## WORK TASK
Each word in the data below should be copied exactly; the images should not.

## INFORMATION SHOWN
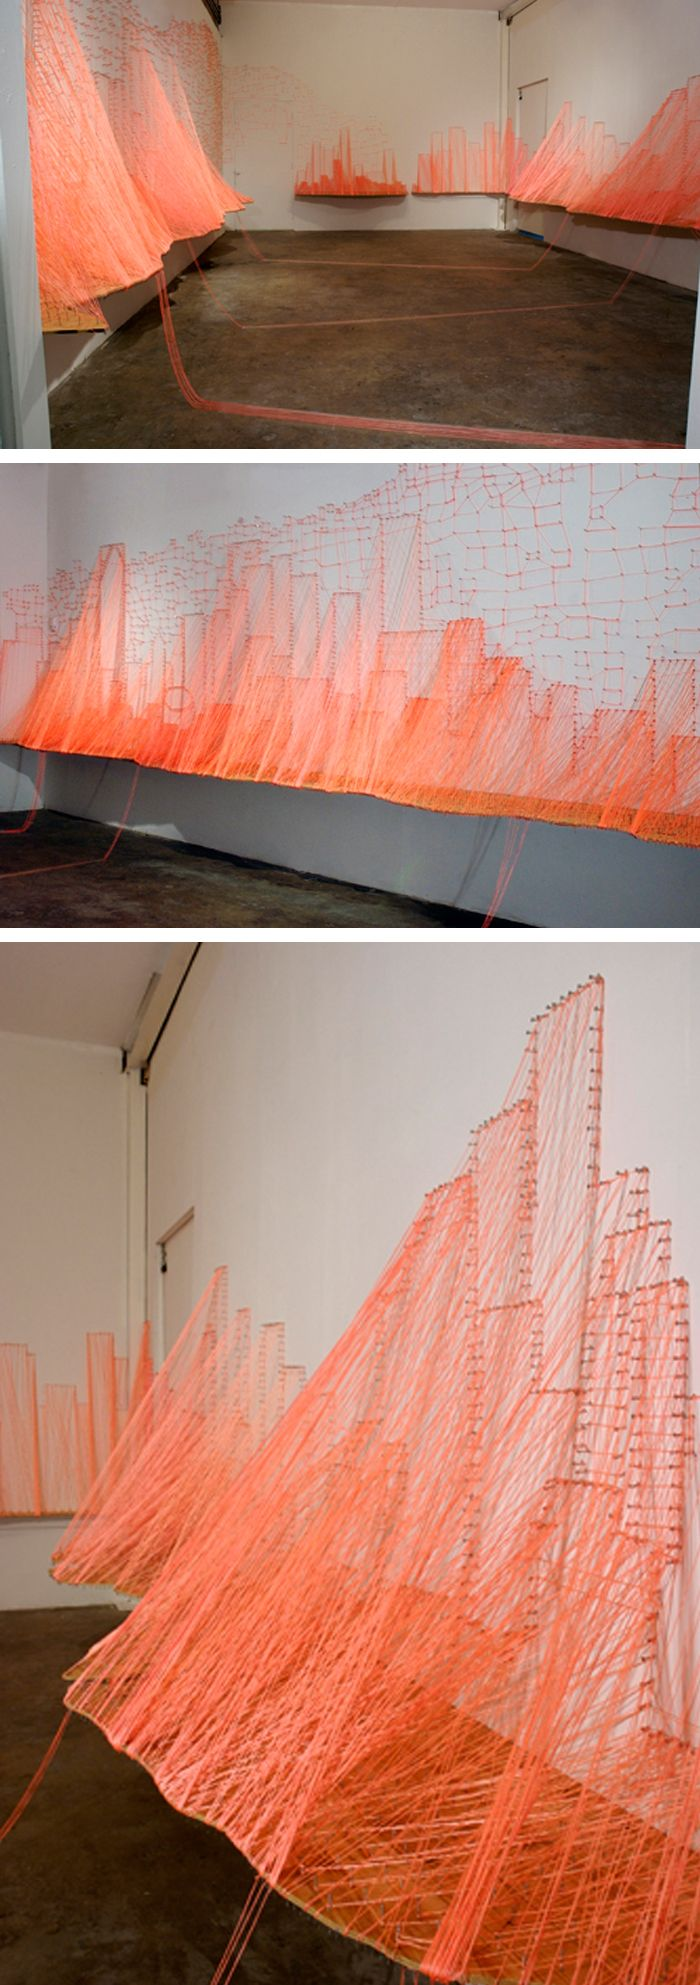 Aili Schmeltz - The Magic City String Art Installation
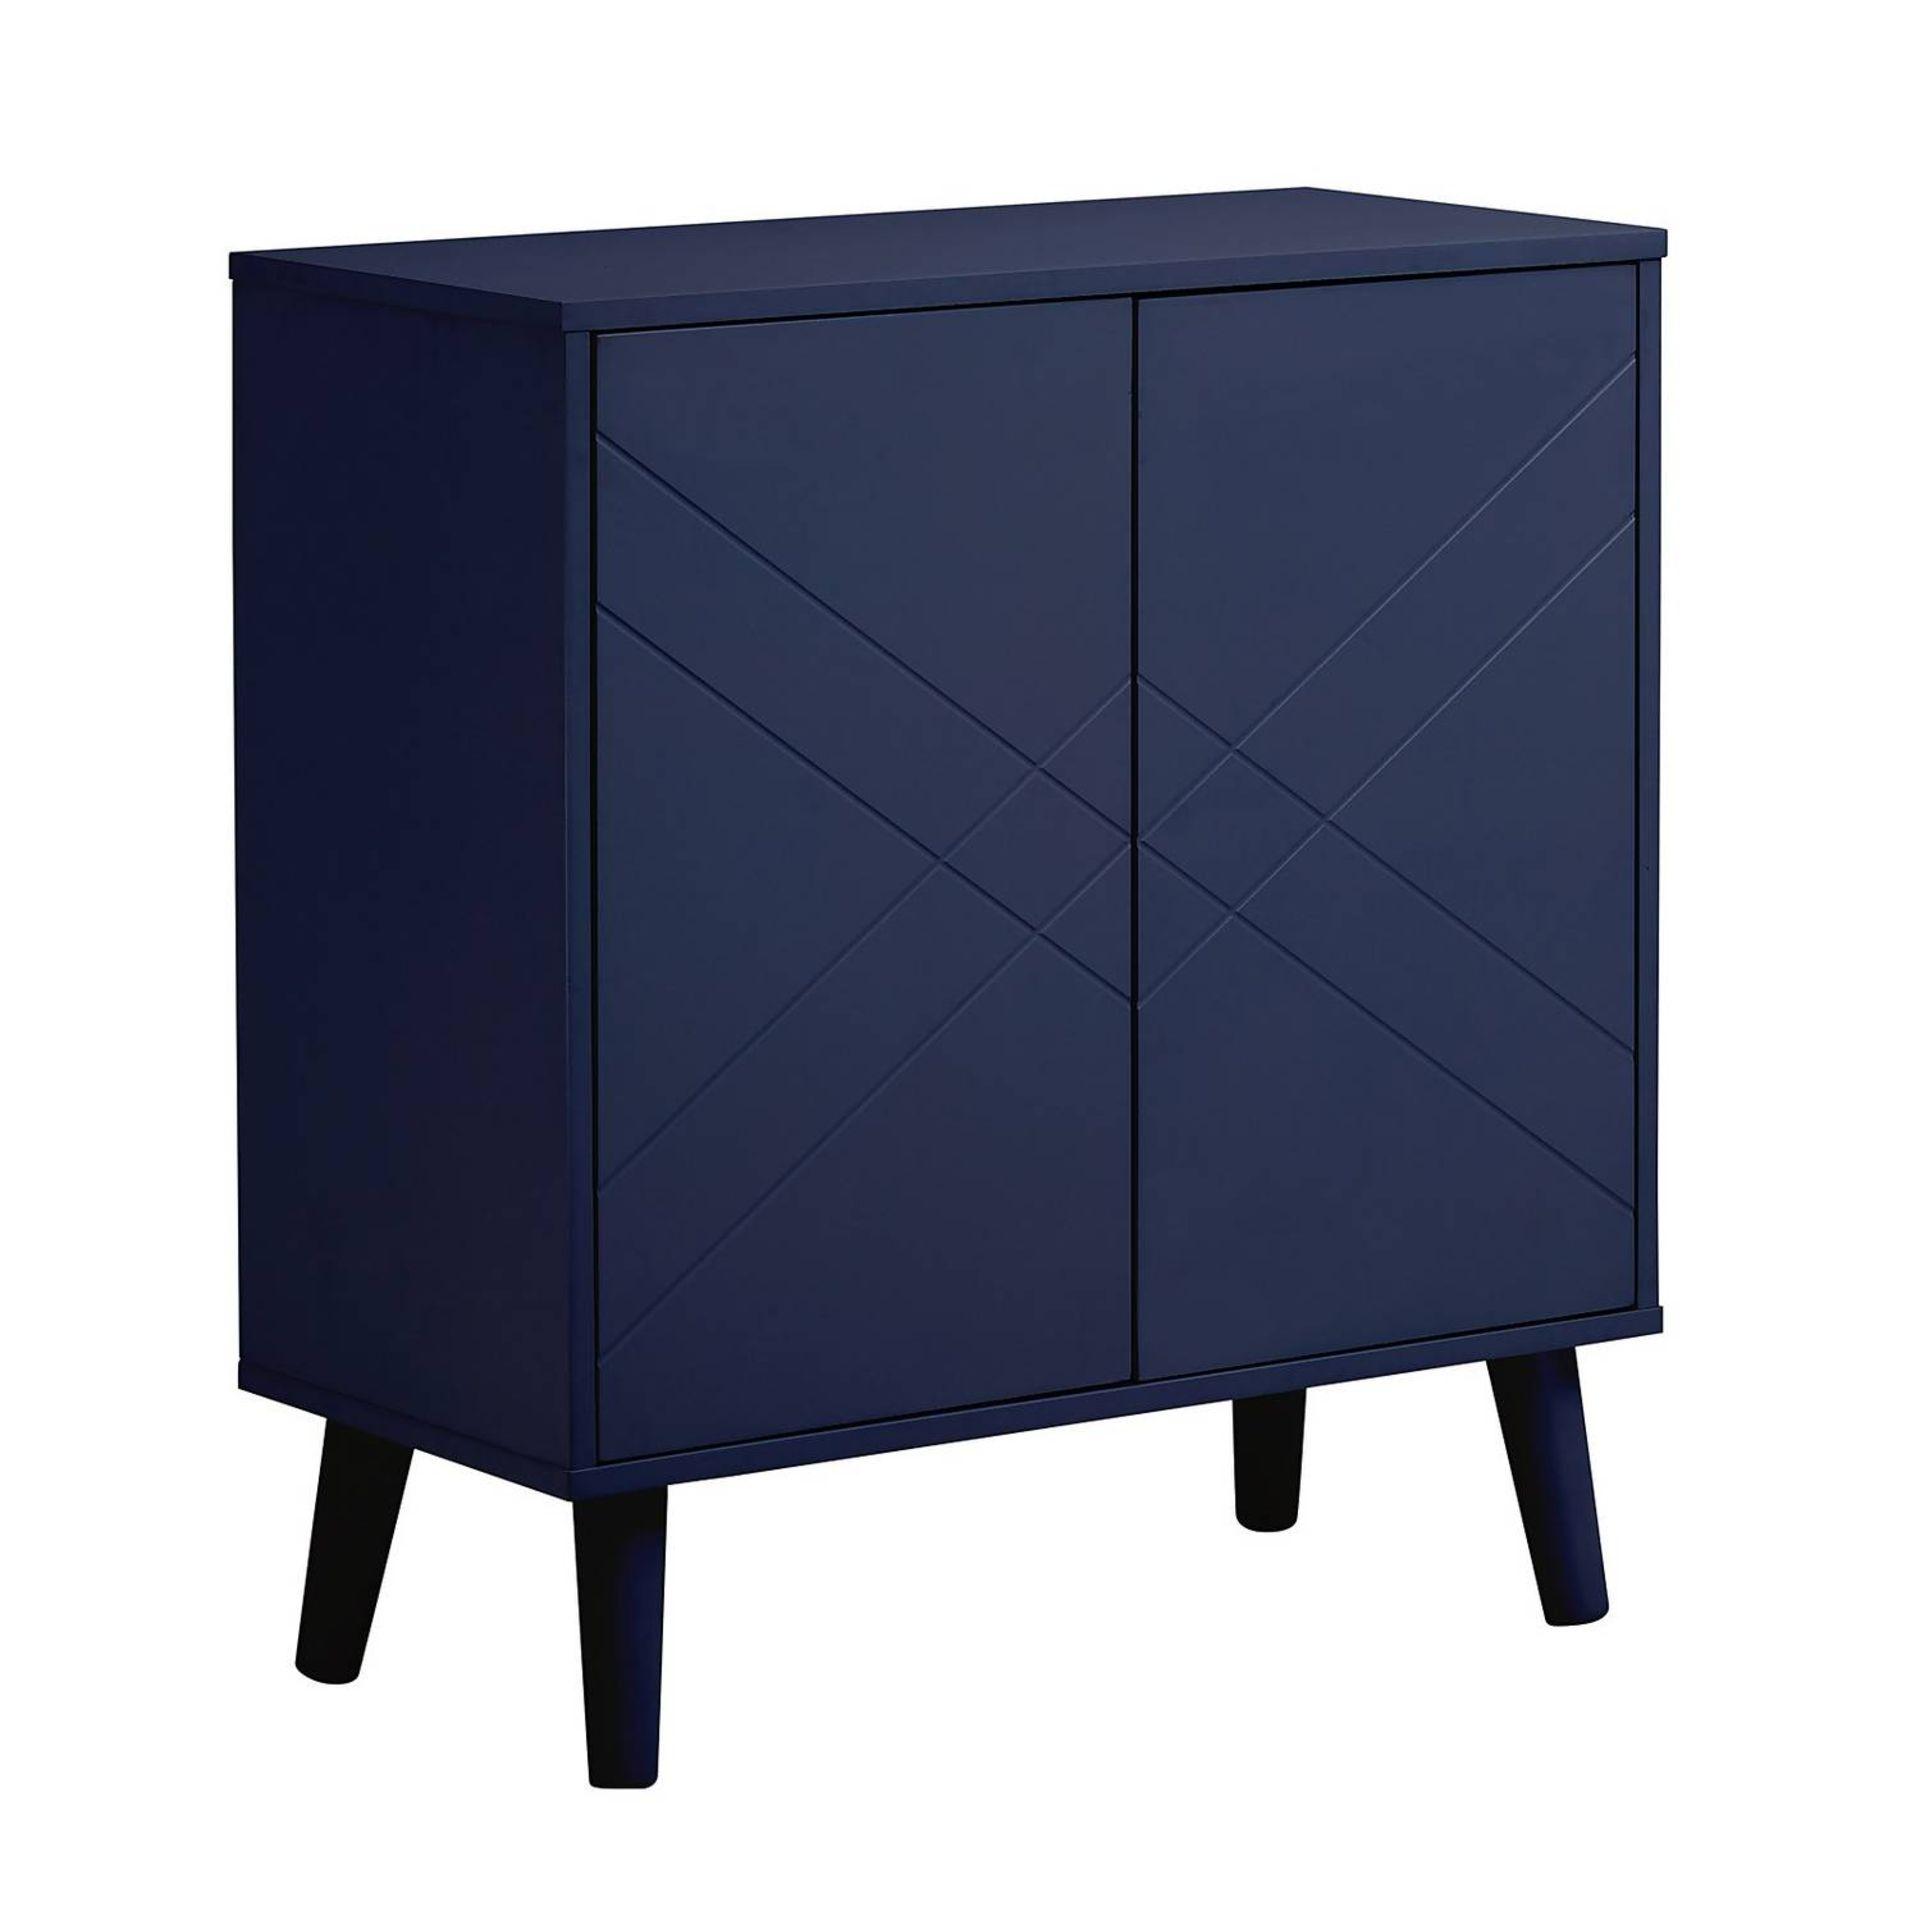 (2K) 4x Items. 1x Hamilton Shoe Cabinet Charcoal. 1x Hamilton Hallway Cabinet Navy (H76x W70x D32.5 - Image 2 of 8
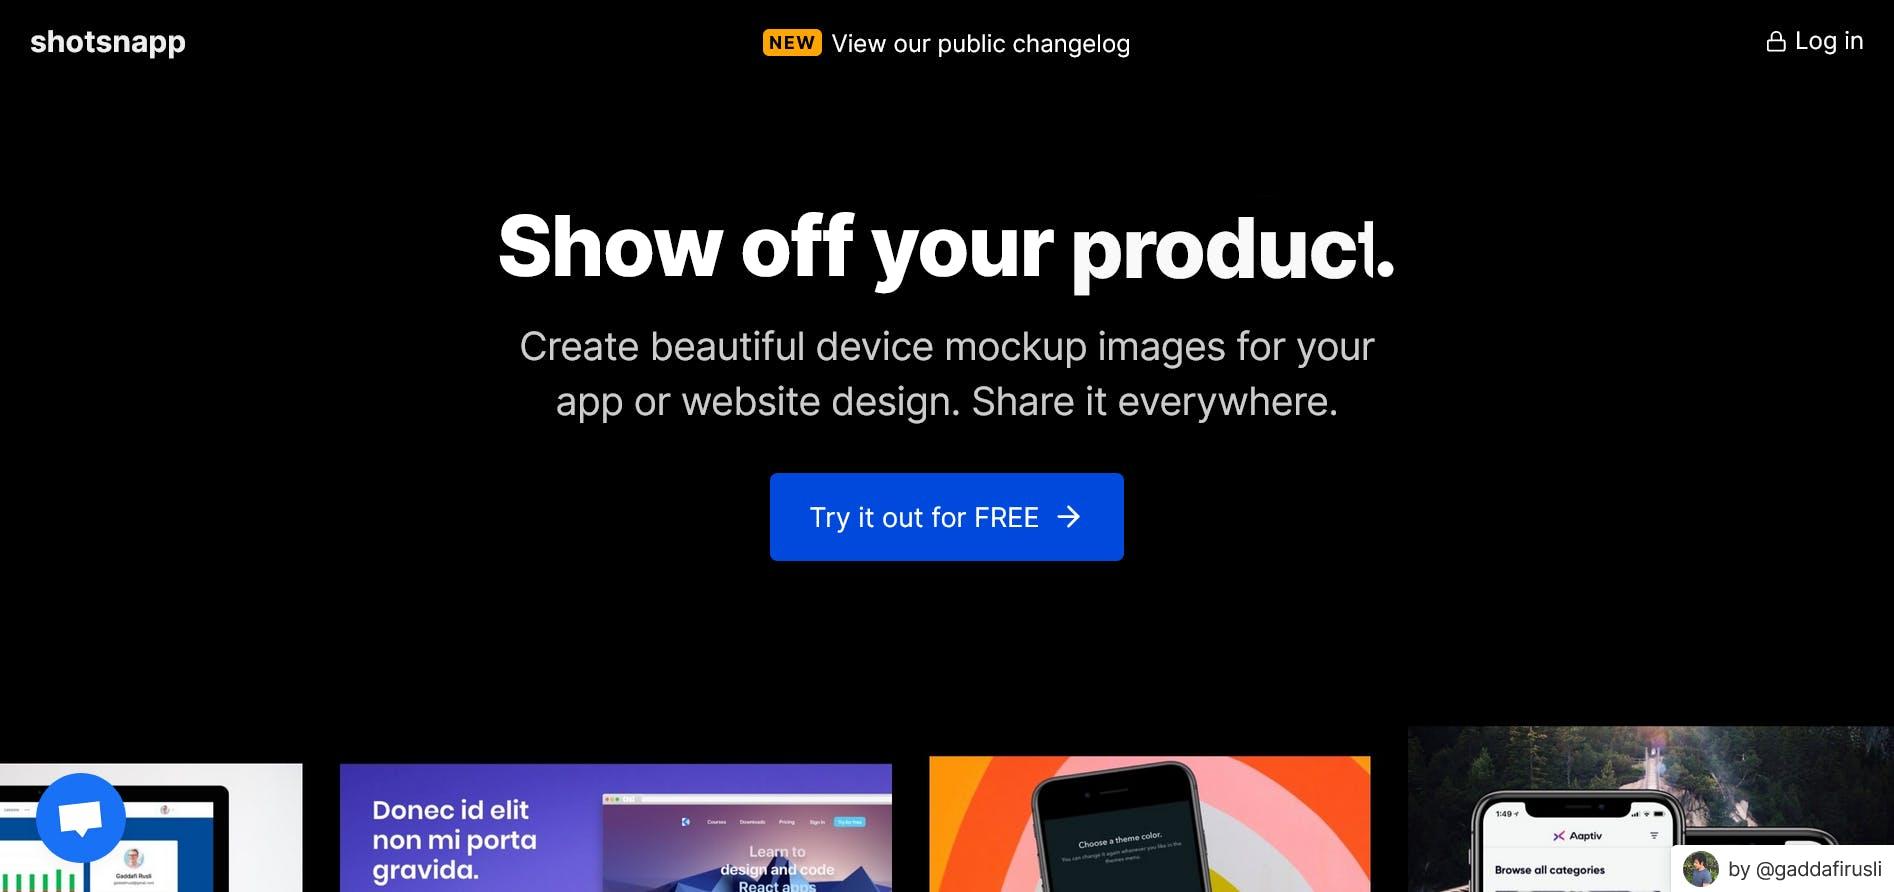 Screenshot 2021-04-29 at 21-12-55 shotsnapp - Create beautiful mockup presentation.png

## SOLVED PROBLEM
 Aili Schmeltz - The Magic City String Art Installation
 (2K) 4x Items. 1x Hamilton Shoe Cabinet Charcoal. 1x Hamilton Hallway Cabinet Navy (H76x W70x D32.5 - Image 2 of 8
 Screenshot 2021-04-29 at 21-12-55 shotsnapp - Create beautiful mockup presentation.png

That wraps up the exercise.